A week later, he went back to check and the gap had not been filled in, he said, so he called again to complain. Eventually, he said, BNSF dropped some asphalt near the spot but did not fully fill the gap.
Cattanach said he hadn’t planned to sue, but he felt BNSF was blowing him off.
“The reason I filed the lawsuit is they wouldn’t pay for the ambulance or my out-of-pocket medical costs,” which he said ran into several thousand dollars. He said he was prepared to defer the issue of liability.
‘I’ve got to get a real lawyer’
Cattanach said he knew better than to represent himself in a lawsuit but thought he’d do the minimum amount of work and get it resolved.
That changed when BNSF released some internal communications on the railroad crossing, which Cattanach said was required by federal law.

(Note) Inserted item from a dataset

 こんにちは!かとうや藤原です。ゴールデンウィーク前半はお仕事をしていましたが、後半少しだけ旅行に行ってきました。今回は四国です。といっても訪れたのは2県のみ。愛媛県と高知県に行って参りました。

“When I saw these documents, I said, ‘I’ve got to get a real lawyer,’ ” said Cattanach. “This is outside my area. … The BNSF has a reputation of being very aggressive, and I knew I needed some help.”
A Sept. 28, 2007, e-mail from Lynn Leibfried, BNSF’s then-manager of public projects, indicated the company was aware of maintenance problems. “We replaced the concrete that was in the crossing previously,” she wrote. “I gather they are concerned about the gap between the concrete and the rail, however that style of concrete has a problem in all locations.”

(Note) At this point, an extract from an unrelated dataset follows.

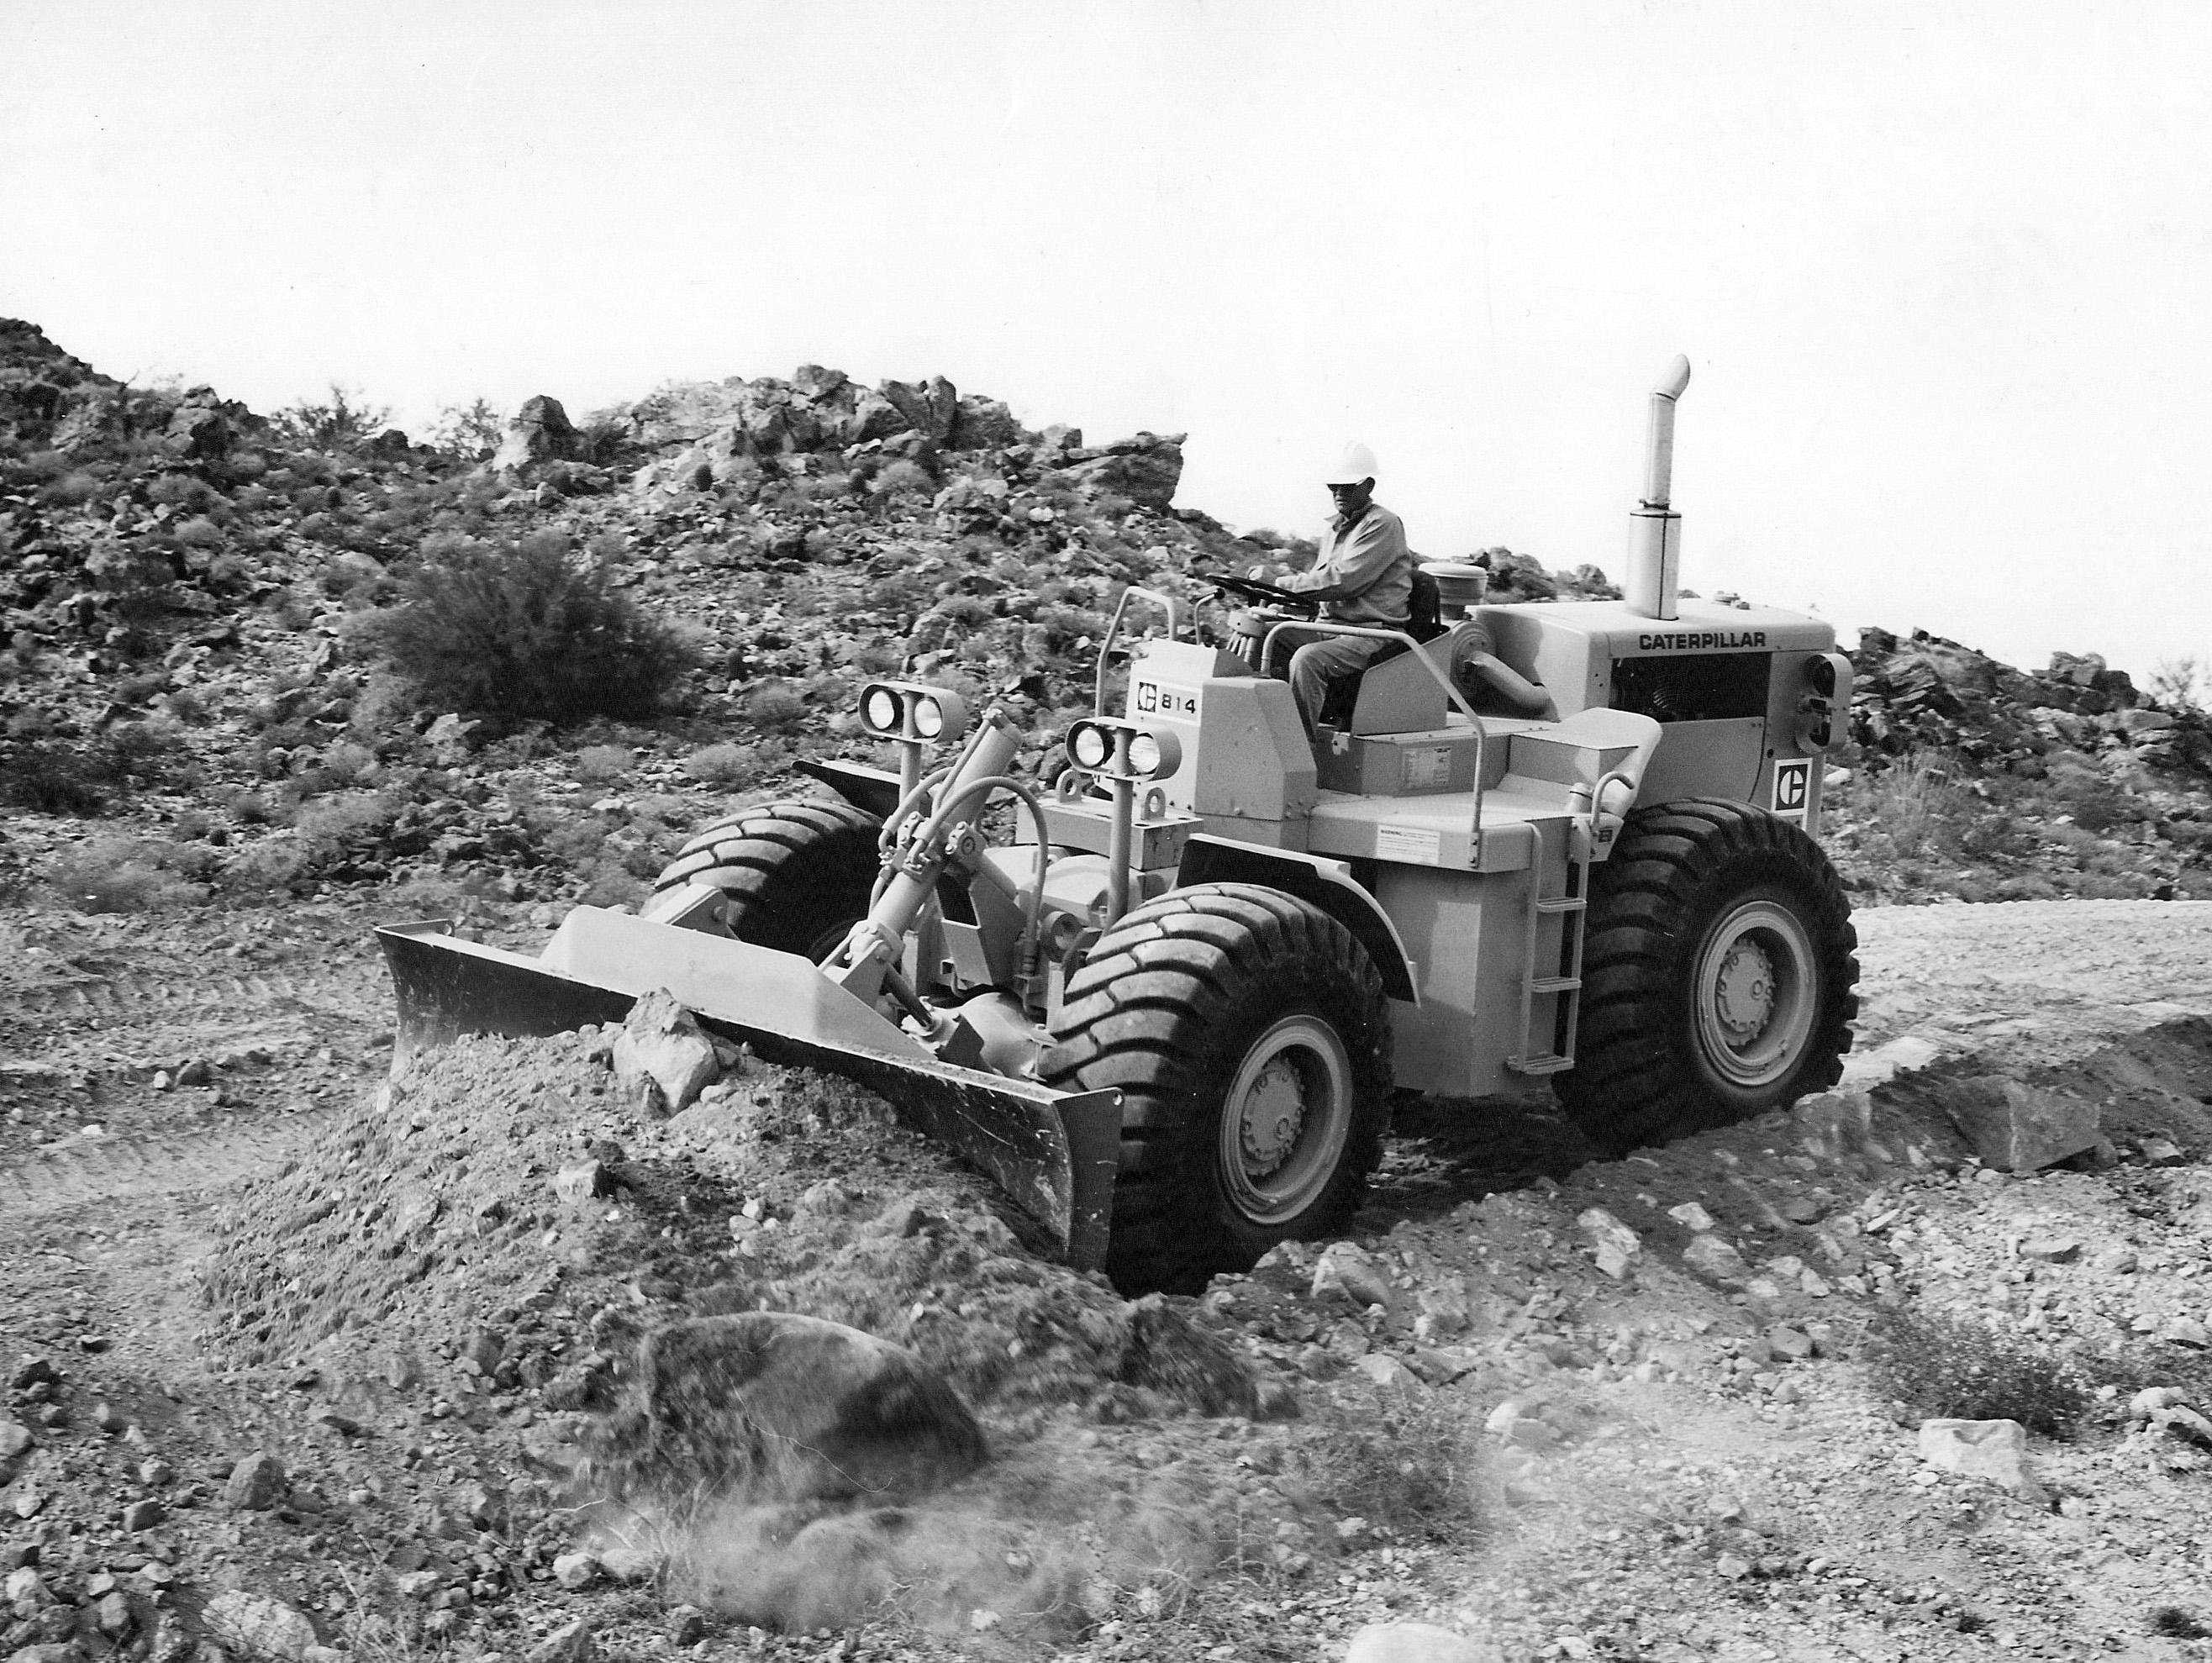 bulldozer caricatore cingolato combinazione Caterpillar-model-814-wheel-dozer-pit-quarry

In 2008, St. Paul Park’s municipal client manager, Richard Seifert, wrote Leibfried that “the condition is degrading at a rapid pace.” A year later, a St. Paul Park police officer photographed the crossing, showing the same conditions in Seifert’s e-mails.

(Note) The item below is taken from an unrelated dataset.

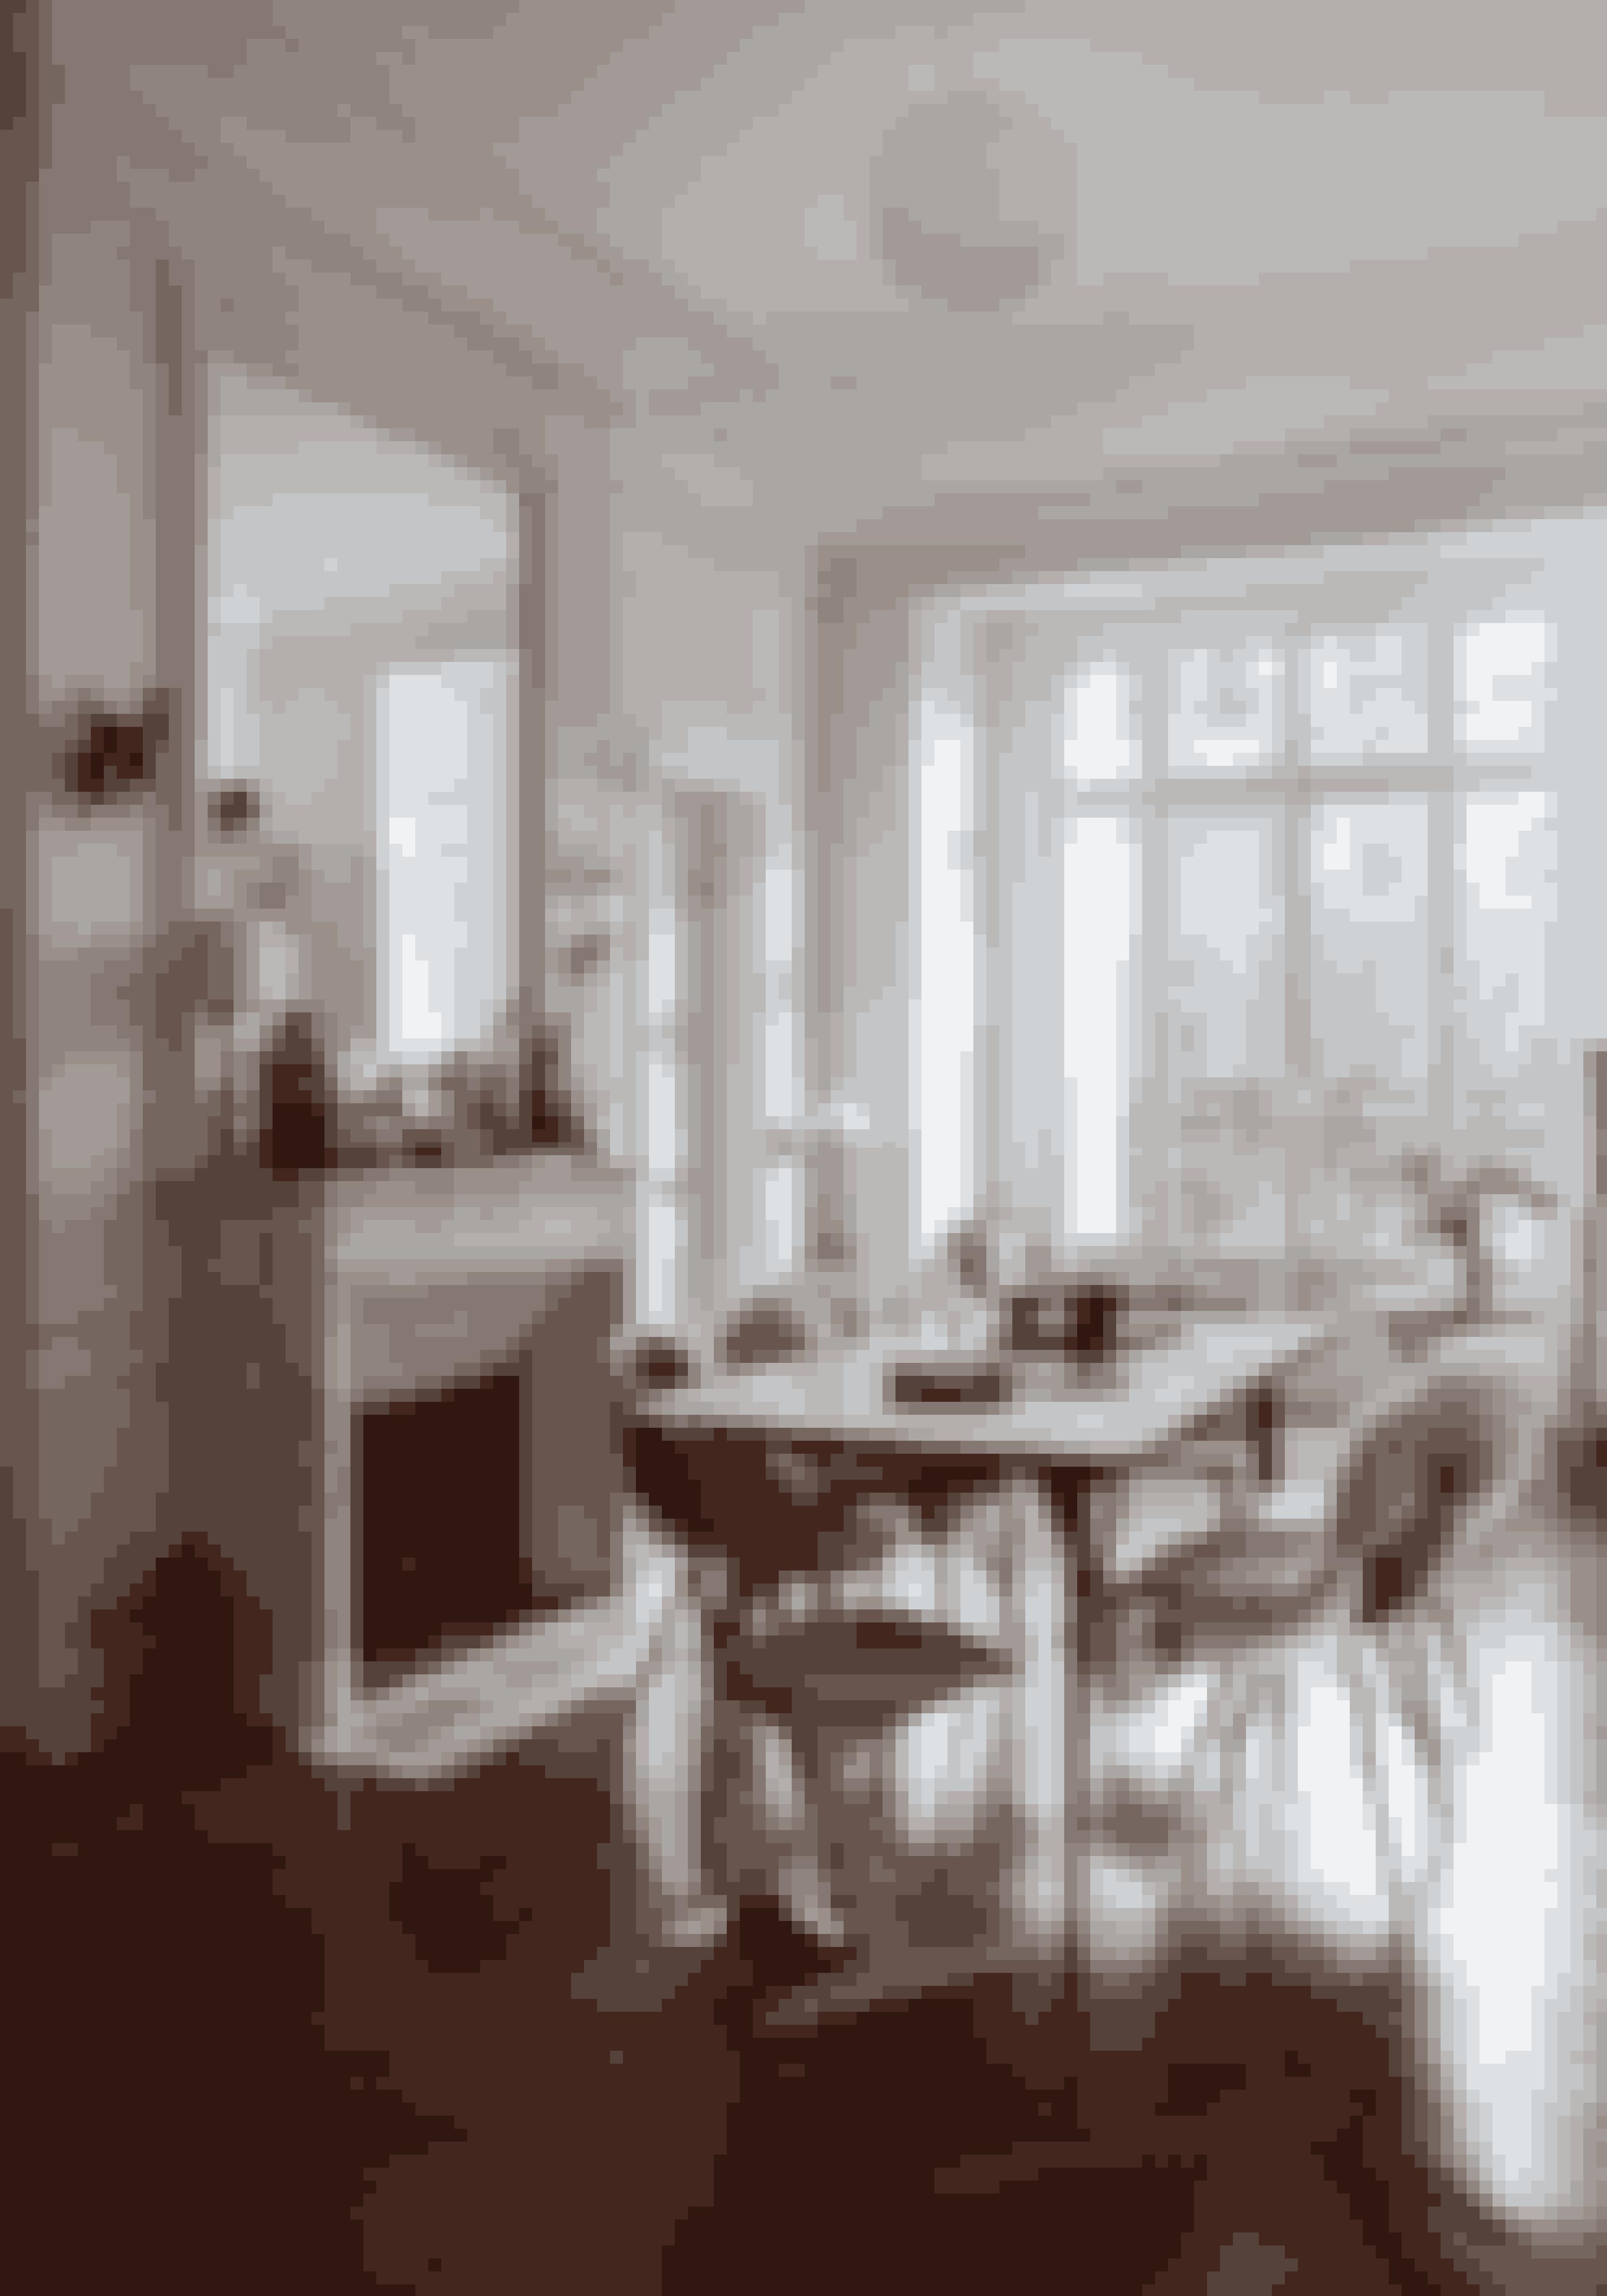 Brug store spejle til at få rummet til at virke større som her. Det indbyggede gigant-spejl var her allerede, da Véronique Campardou flyttede ind. Skind over stole er en nem måde at give et rum varme og en naturlig atmosfære på.

On June 7, 2012, one month before the accident, city engineer Morgan Dawley sent an e-mail warning that crossing had “deteriorated further to the point that pieces of metal project upward that appear to present a safety hazard to vehicles and motorcycles and possibly rail cars.”
Leibfried forwarded Dawley’s message to BNSF officials, saying the city had been complaining for three years and “from the pictures they took, it was a legitimate complaint.”
A BNSF roadmaster named Dale Johnson responded that he had inspected the crossing and confirmed that “it is loose and the ties are in bad shape.”
‘Nature of a smoking gun’
Cattanach then hired the Bremseth Law Firm, of Hopkins. “Bremseth has a really good reputation and deals with the BNSF all the time,” he said.
Fred Bremseth described the correspondence as “in the nature of a smoking gun, documents [showing] a significant history of prior complaints problems and safety concerns.”
BNSF declined to comment on the lawsuit. “This is still an active legal case, so we will comment through the legal process,” Amy McBeth, a BNSF spokeswoman, said in an e-mail to the Star Tribune.
In a memorandum filed last December urging Judge Tunheim to dismiss the case, BNSF lawyers argued “there is no evidence that the gap [responsible for Cattanach’s crash] had been in existence for any appreciable amount of time before the accident.”
They also argue that no one mentioned the specific gap in the documents turned over to Cattanach and no BNSF employees have testified that they knew a gap existed. Besides, they wrote, Cattanach was riding in the center lane, in violation of state statute that requires bicyclists to ride “as close as practicable to the right-hand curb of the roadway.”
One of Cattanach’s attorneys, Paula Jossart, responded that because of unsafe conditions on the road’s edge, Cattanach took what appeared to be the safest route across the tracks. Since the crash, the railway crossing has been completely rebuilt.
In his ruling to allow Cattanach’s case to move forward, Tunheim wrote, “The record reflects a long history of maintenance issues at the … crossing, dating back to 2007.
“Viewing the facts in the light most favorable to [Cattanach],” Tunheim wrote, “a genuine issue of material fact remains as to whether BNSF had notice that the railroad crossing might be dangerous to passing vehicles, including bicycles.”
A settlement conference has produced no resolution, and a trial is set for Nov. 2.